We all need to spend more time being actively self-aware and taking note of who we are, what we’ve done, and how we feel. No perception of you matters more than your own. But before you lock your door, delete all your friends’ numbers from your phone and start purging your thoughts into a spiral notebook that cost a quarter, keep in mind that others play an important part in the process of “knowing thy self.” I realize this seems contrary to everything I have mentioned up to this point, but I actually think we need to do a better job of discussing our self-perceptions with people besides ourselves.

Earlier I talked about our human need for being acknowledged by others, and I still stand by that comment. In order to get a clear picture of who we are, we need to lean on our internal need for discussion. Harvard Business Review has written a lengthy piece on this idea. I think by sharing our thoughts and views of ourselves with others we expose our perceptions to a system of checks and balances. I’m not saying you need to adjust 180-degrees based on what others think, but if you tell your friend you feel like an asshole and they agree that you’re acting like one, it’s probably a good sign that something needs to change. The most important part of this, however, is that you need to choose very carefully whose opinions you consider. Trying to seek justification from every blessed person to walk the earth will plunk you right back into a cycle of hyper-perception.

Act as though you’re a president: select a handful of close advisers, and be satisfied in knowing that you will never be perceived by everyone in a way you agree with. In fact, you should find comfort in knowing that you will never be perceived by everyone and that there are going to be a lot of people on this earth who don’t know or care who you are. Picking and choosing the friends and family you’ll keep as your advisers is a very important task, and if you disagree that you need anyone because you feel you’re either too mentally or emotionally mature to need others in the process of “finding yourself”, you’re relatively no better than the folks who are posting their crappy iPhone photography on Instagram in search of validation in the form of “likes”.
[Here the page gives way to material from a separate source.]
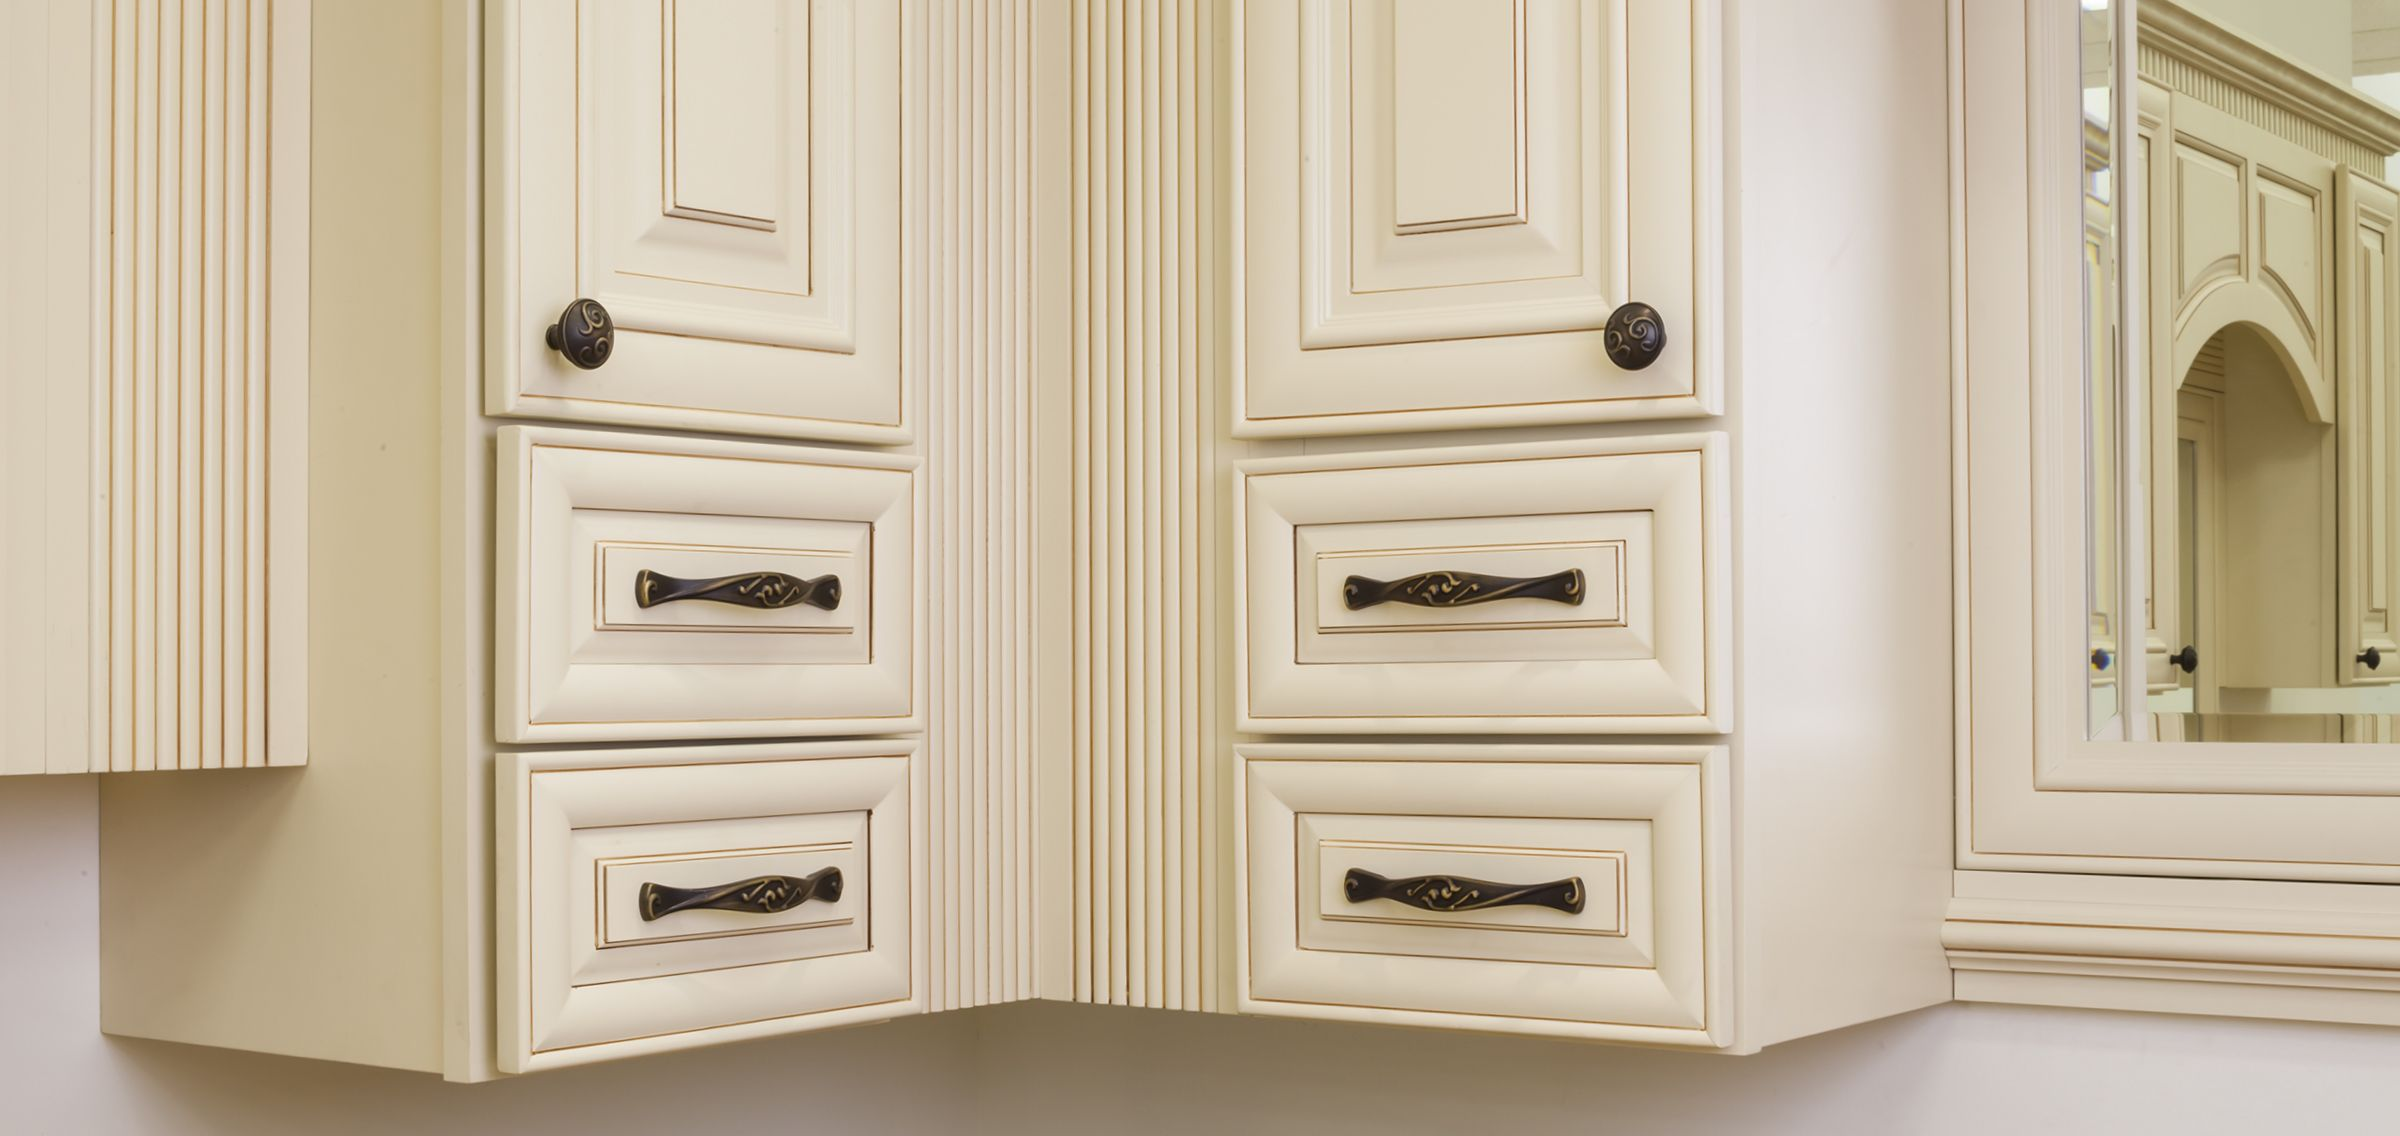 Kensington cabinet knob & pull from Jeffrey Alexander by Hardware ...
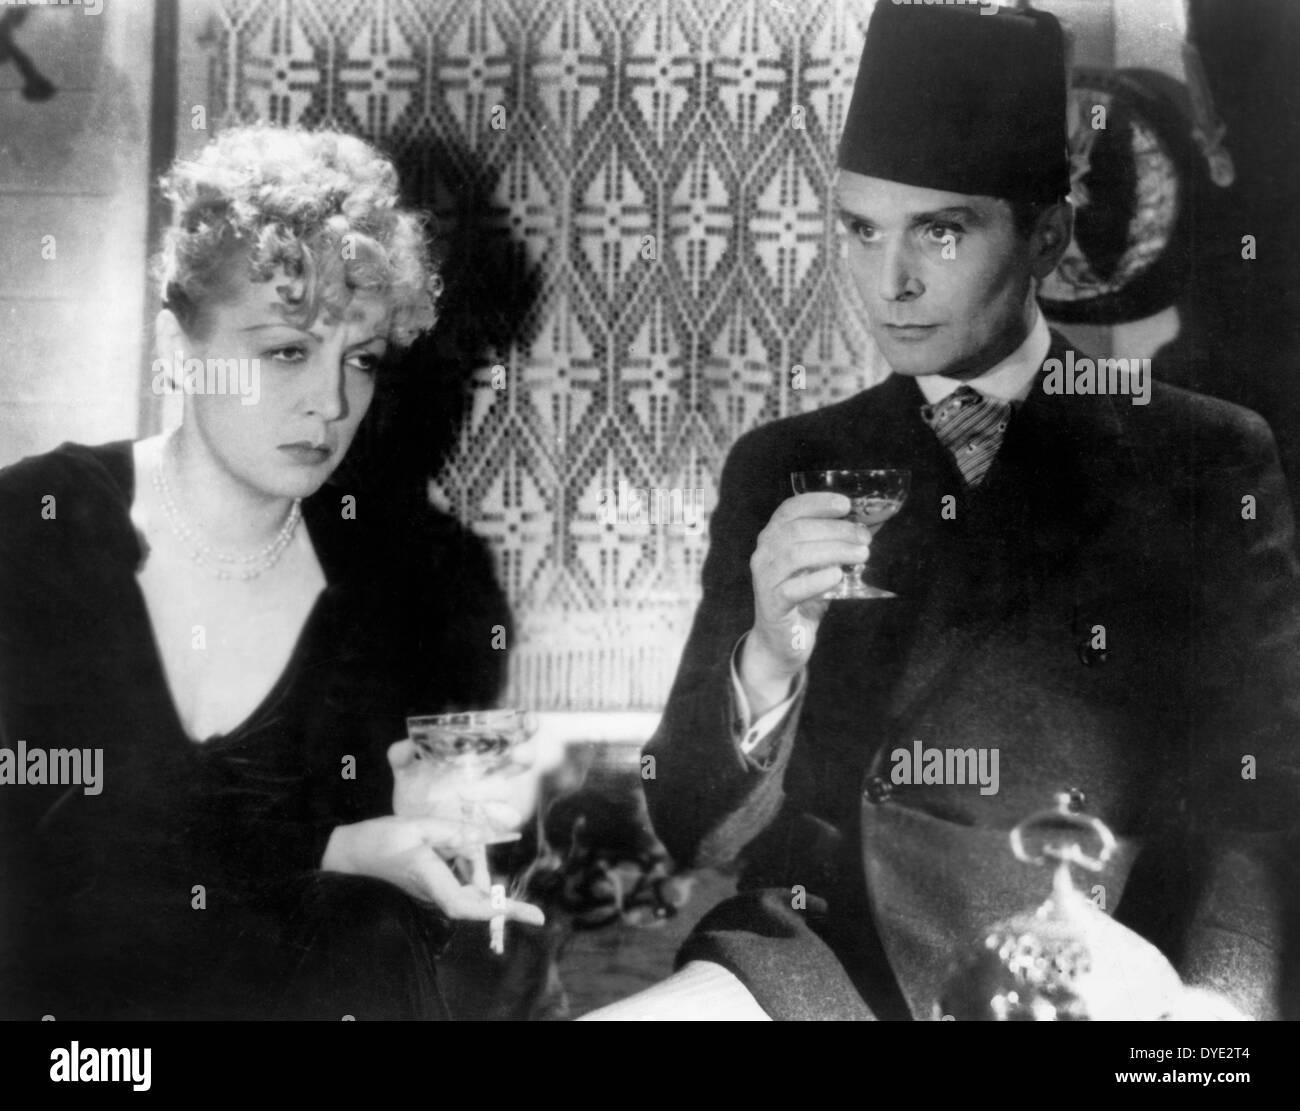 Dita Parlo, Pierre Blanchar, on-set of the Film, 'Mademoiselle Docteur', 1937 - Stock Image

Whether it’s a fear of burdening another with your feelings or the threat of projecting your thoughts, leaving others out of the process of self-perception is nothing short of cheating yourself. We’re all guilty of it at times. In person, my friends will tell you I’m a touchy-feely overload that sometimes talks too much and treats “words of affirmation” as a second language. But since I started publishing my writing in high school, I’ve always been hesitant to get “too real”, not because I’m nervous to expose my thoughts to others but because I worry that writing raw will come off as though I’m over-externalizing. This is something I’m trying to get beyond, which is probably why this blog sounds a little different than much of what I’ve written in the past. I don’t expect anyone to take this post, print it out, and read it every day but whenever I write the hope is that just one person can pull something out that moves them forward in their own journey of life, which means I need to do better at including personal substance in what I publish.

Esse est percipi: To be means to be perceived. Good ole Berkeley summed up years of philosophical ponder into just a few words. Now, I think it’s time we make room for some new doctrine at the table of perception:

Est sensus esse est percipi sui: Perception of self is to be perceived.

Sensus ab aliis non intelliguntur per omnes sensus: Perception by others does not mean perception by everyone.

The key to honest and productive self-perception is finding a healthy balance between internal awareness and informed, external input on who exactly you are. When a tree falls no one really has to know, but it is okay for a few people to hear it anyways.